Wstała i podeszła do drzwi sypialni. Miała wrażenie, że powietrze nagle ostygło, zgęstniało, że jest dziwnie szorstkie, stawia opór, ugina się niechętnie pod naporem jej ciała. Pokręciła głową. To tylko autosugestia. Pieprzona fantasmagoria! Mrucząc znów, że ma to gdzieś, położyła dłoń na klamce. Głupia dziewczyna w białych majtkach i koszulce z logo Guns N’ Roses, w której śpi, pomyślała. Boi się duchów, chociaż wie, że nie istnieją.

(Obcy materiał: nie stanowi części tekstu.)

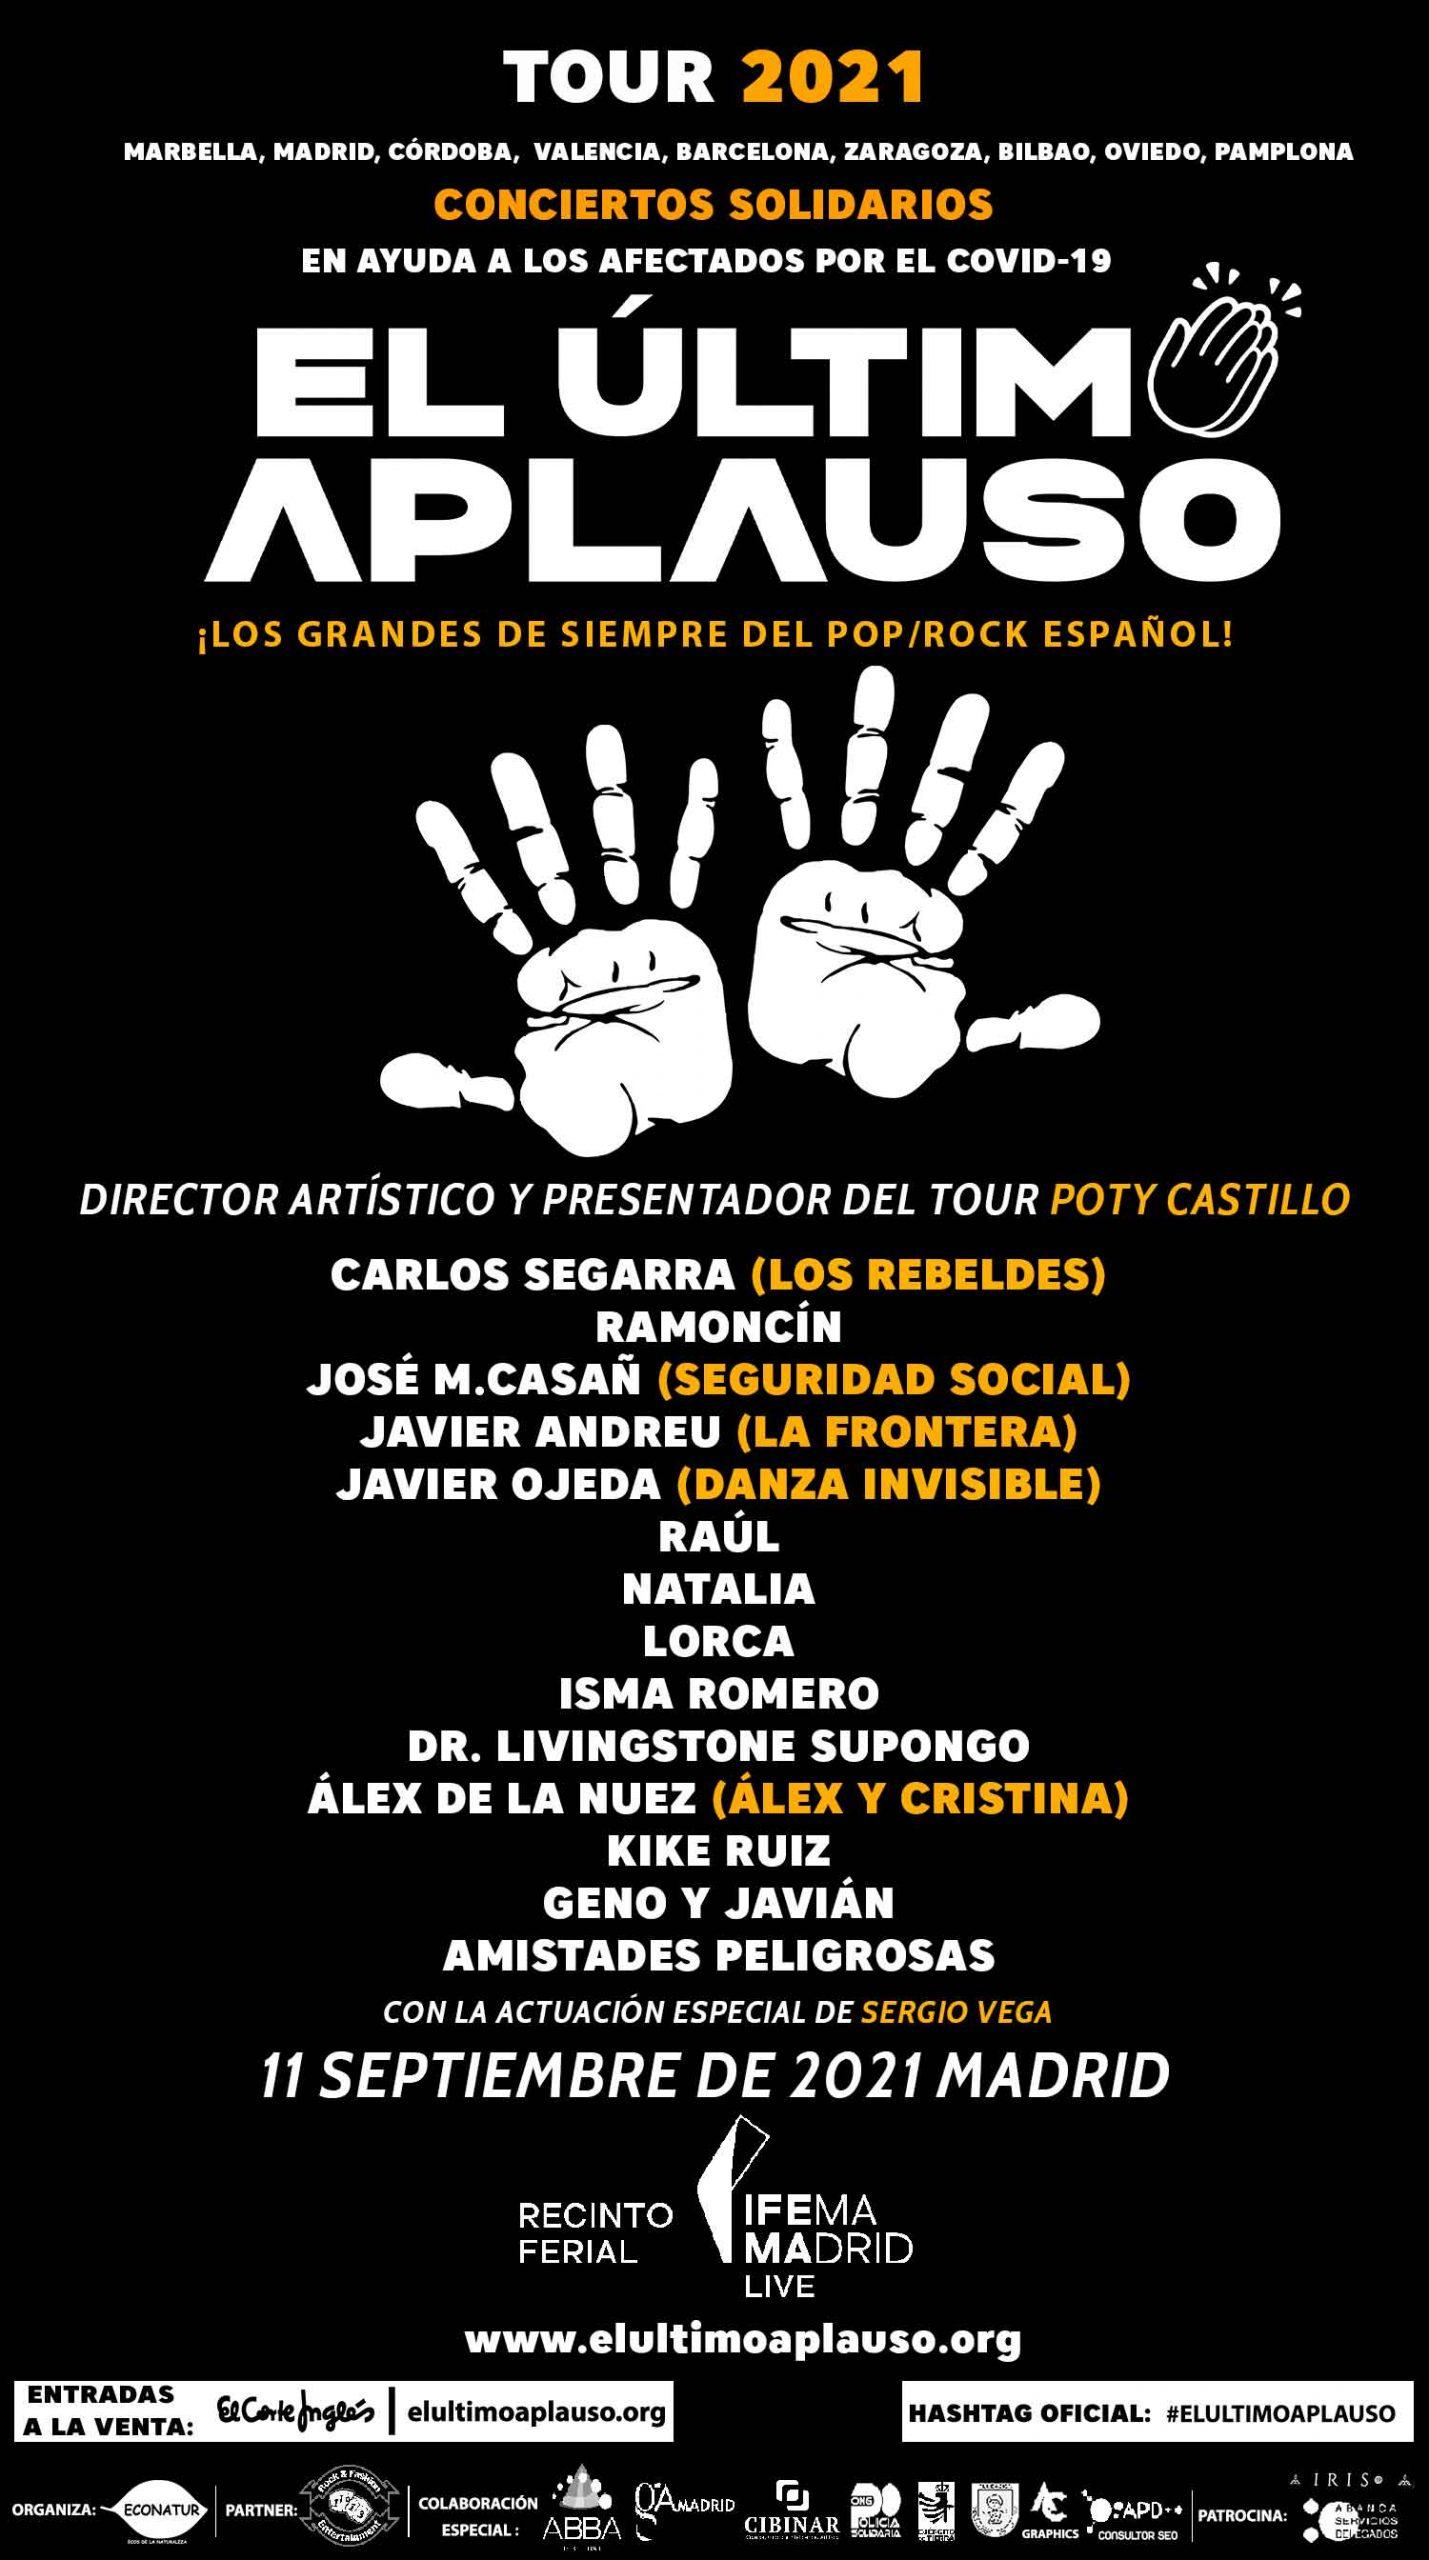 CARTEL-EUA-IFEMA-MADRID-LIVE-11-SEPTIEMBRE-2021

Głos w jej głowie lamentował, żeby za żadne skarby nie otwierała! Nie wychodziła! Ale przecież tam nikogo…

Uchyliła drzwi. Wysunęła drżącą dłoń przez szczelinę między ścianą a framugą. Już za chwilę posłuszny blask wypełni korytarz, a wtedy Arleta zobaczy, że nie ma tu nikogo oprócz niej, i spokojnie wróci do łóżka.

Ale nie znalazła cholernego włącznika. Nie znalazła go i nie nacisnęła. Dlaczego więc na korytarzu było jasno? Jakim cudem?

Nie było również znajomej, twardej ściany. Palce dotykały czegoś miękkiego, ciepłego i pulsującego jak…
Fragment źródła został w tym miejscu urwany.